A couple of weeks ago I decided to set myself an ethical clothing challenge for 2012. I’d been down to one of the January sales and bought some cheap shoes and I couldn’t help but feel a stab of guilt as I have been a lot lately – if I’m getting these for such a bargin someone has got to be missing out here, someone else is paying the price for my purchase.

Ever wondered about who made the clothes you buy? What were their working conditions? How much did they get paid?

Or take it a step back further and ask yourself how was the fabric made? Were the natural fibres grown using sustainable farming practices? How much energy was needed to manufacture it? How far did it have to travel to get to you? What about the company selling it – do they have a good environmental and social record?

A lot to think about and certainly it’s not easy to find out all those answers. But there are some simple steps you can take to get yourself a greener wardrobe.

1. Buy Second Hand. Scour those op shops! It may not be as easy to find something you like – but it’s so much more satisfying when you do! Savers have a loyalty card, so that each time you take in a bag of donations you receive and increasing percentage off  your next purchase. Vintage shops are great too but a little more pricey. You can also pick up a bargin at pre-loved markets.

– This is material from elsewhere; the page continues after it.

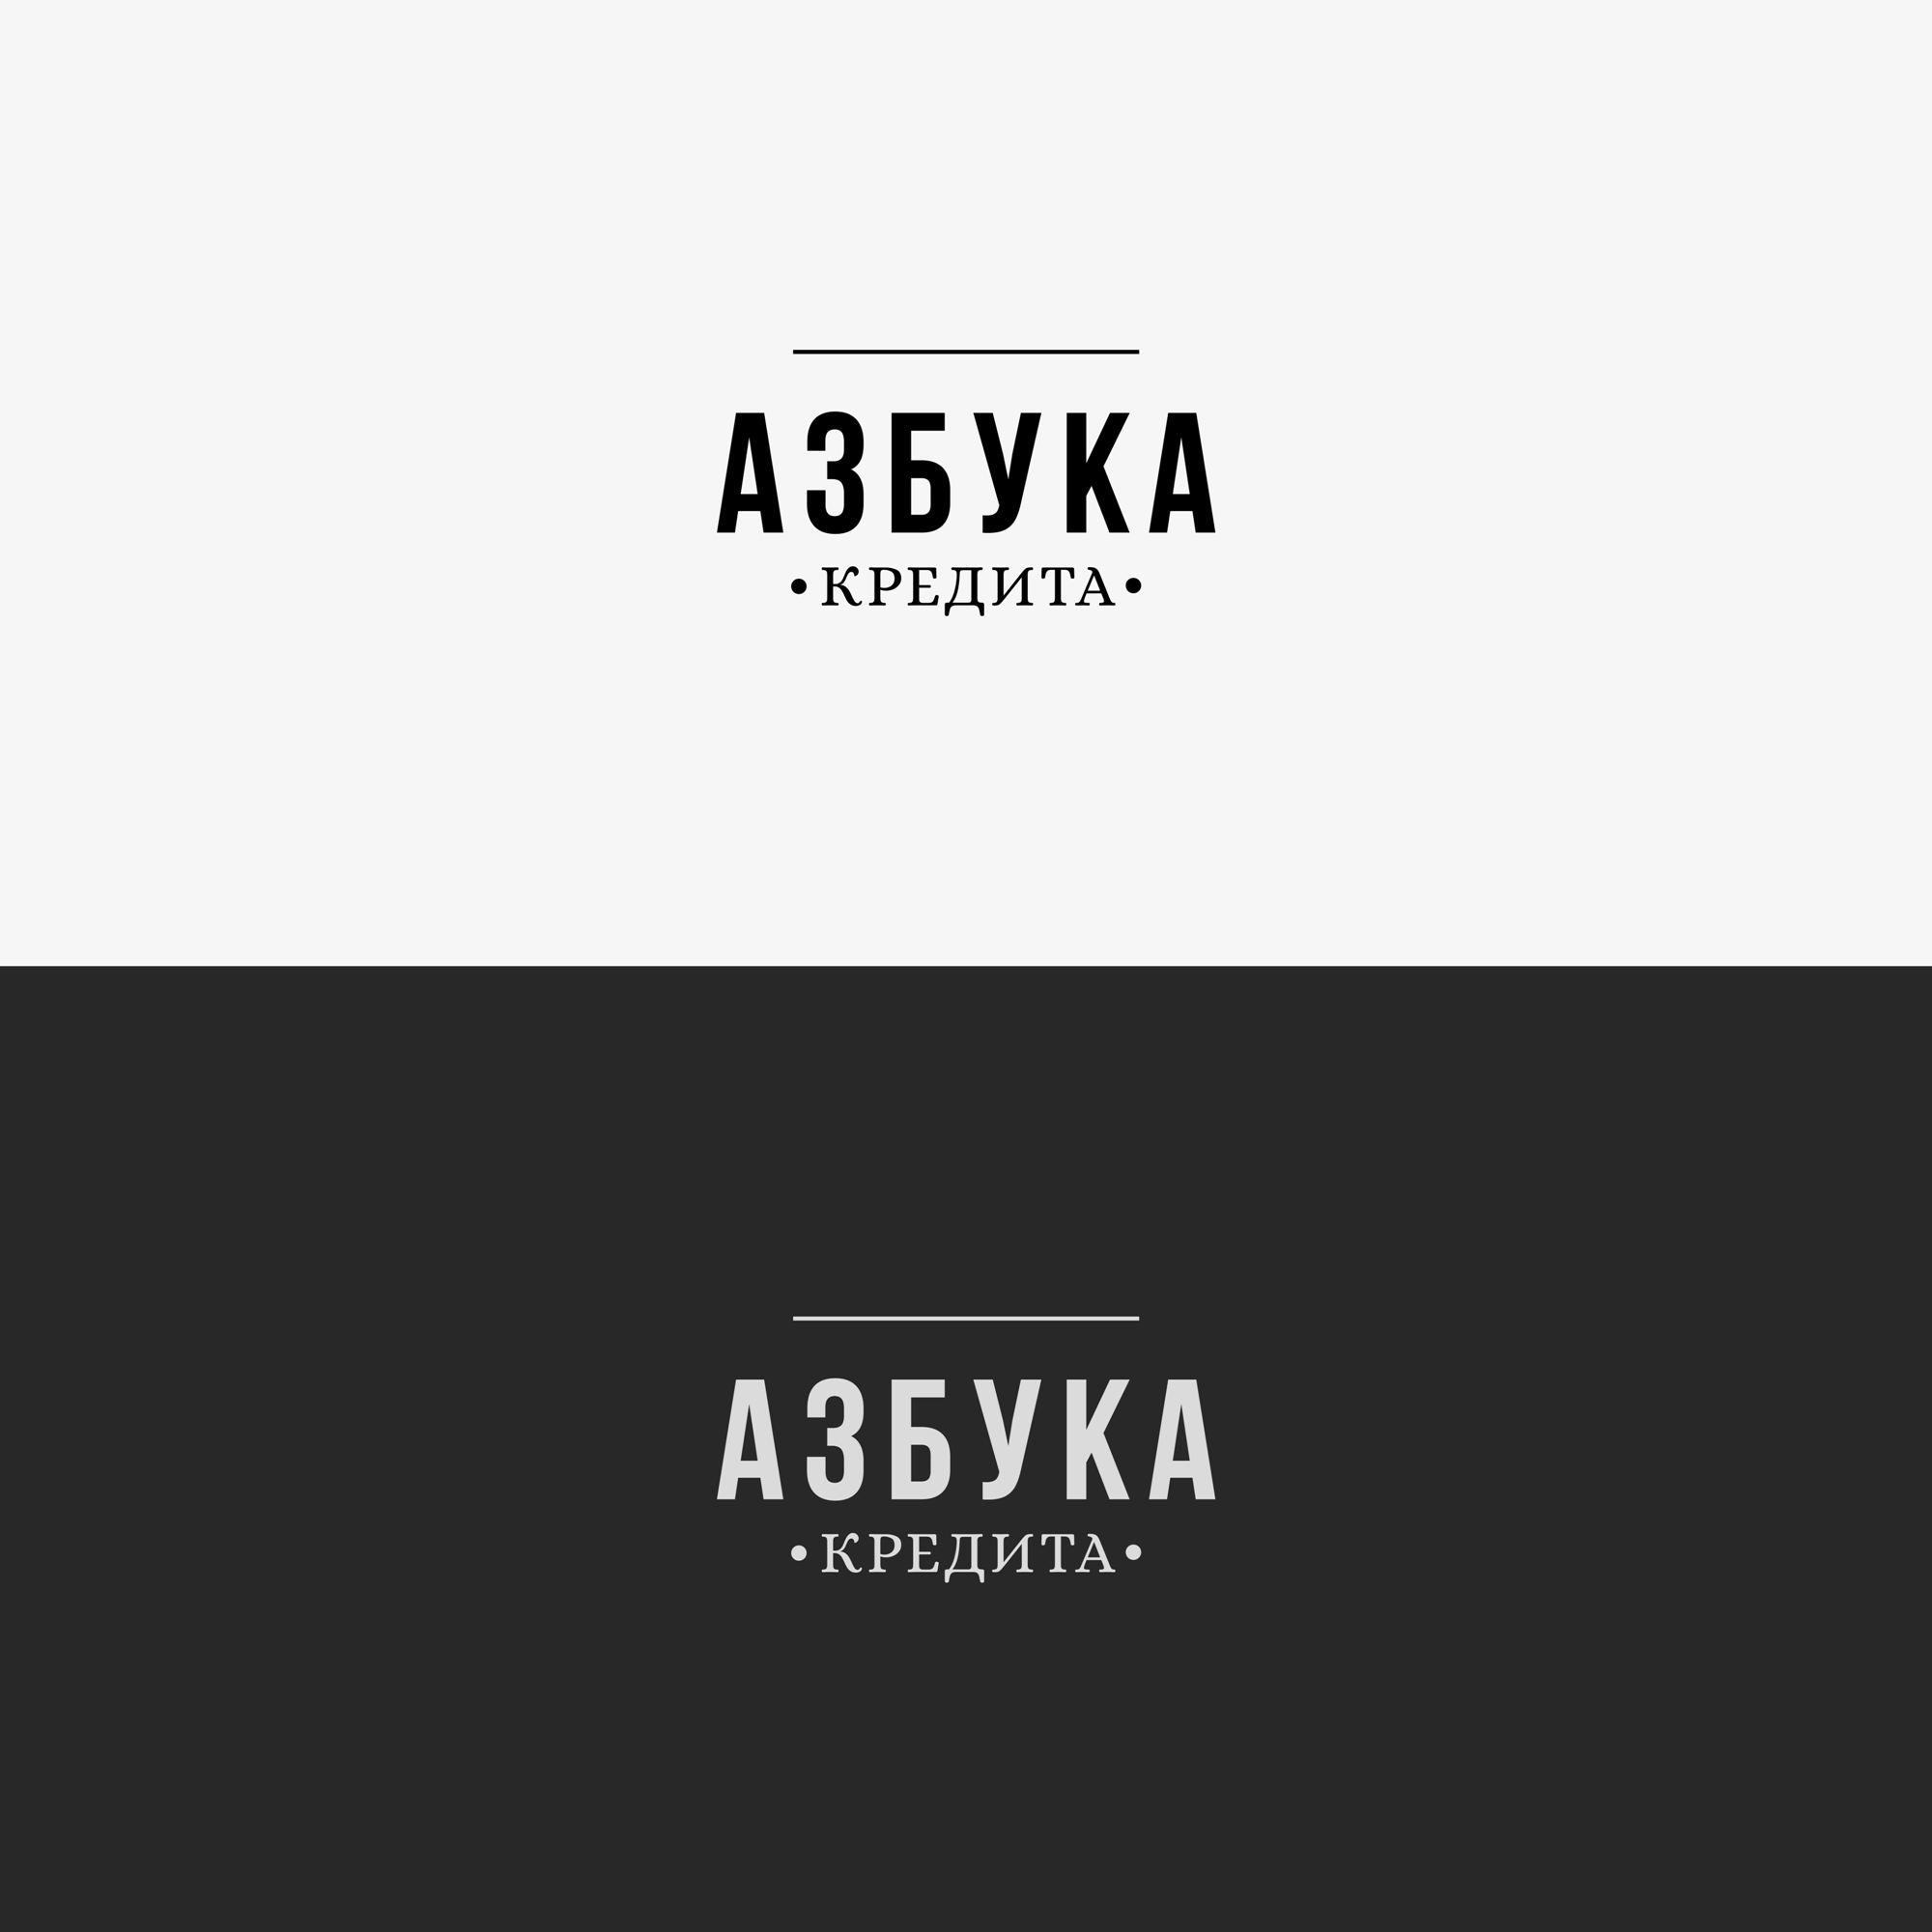 Разработать логотип для финансовой компании фото f_2525de837607e08a.jpg

2. Swap. The Clothing Exchange is an event I’ve always wanted to go to. Events are held throughout the year in Melbourne, Sydney, Canberra and Brisbane. You bring along your (good quality) unwanted clothing, get some buttons to use as currency and swap away. Local councils also organise events on National Swap Day or why not organise one with your friends?

3. Source Ethical Clothing. Ethical Clothing can mean a number of things depending on what is important to you. Is it organic? Or fair wages and conditions? Is it the carbon footprint? Or is it a company’s environmental & social record? A website I highly, highly recommend is this ethical consumer guide. It’s aimed at supermarket shopping (a whole other challenge!) but you can apply the principles to any consumer purchase you make. Find out what is important to you and start from there. Ethical Clothing Australia is an independant committee that promotes fair wages and decent working conditions by assisting businesses through an accreditation process. You can view the list of accredited brands here. Etkio promote fair trade and sustainable. Sustainable Hemp Products focus on sustainable natural fibres.

Livia Firth in a dress made with fibres derived from the mechanical, non-chemical recycling of plastic bottles

So great to see some ‘green’ dresses on the red carpet – check out Livia Firth’s (Colin Firth’s wife) Green Carpet Challenge.

4. Make Your Own. Go on, try it! I bet you know someone with a sewing machine. Start simple, maybe get some lessons and get a good basic instruction book. You’ll be so proud of yourself!

A dress I've made from a tablecloth - you find some fantastic fabrics in op shops!

The whole subject of Ethical Clothing can get quite overwhelming when you start to research – and I’m only just beginning the process myself. But just remember that everytime you buy something you’re sending a message. You are supporting that company and it’s activities, whether you are aware of it or not and whether you like it or not. Be deliberate about what you buy, make your money count.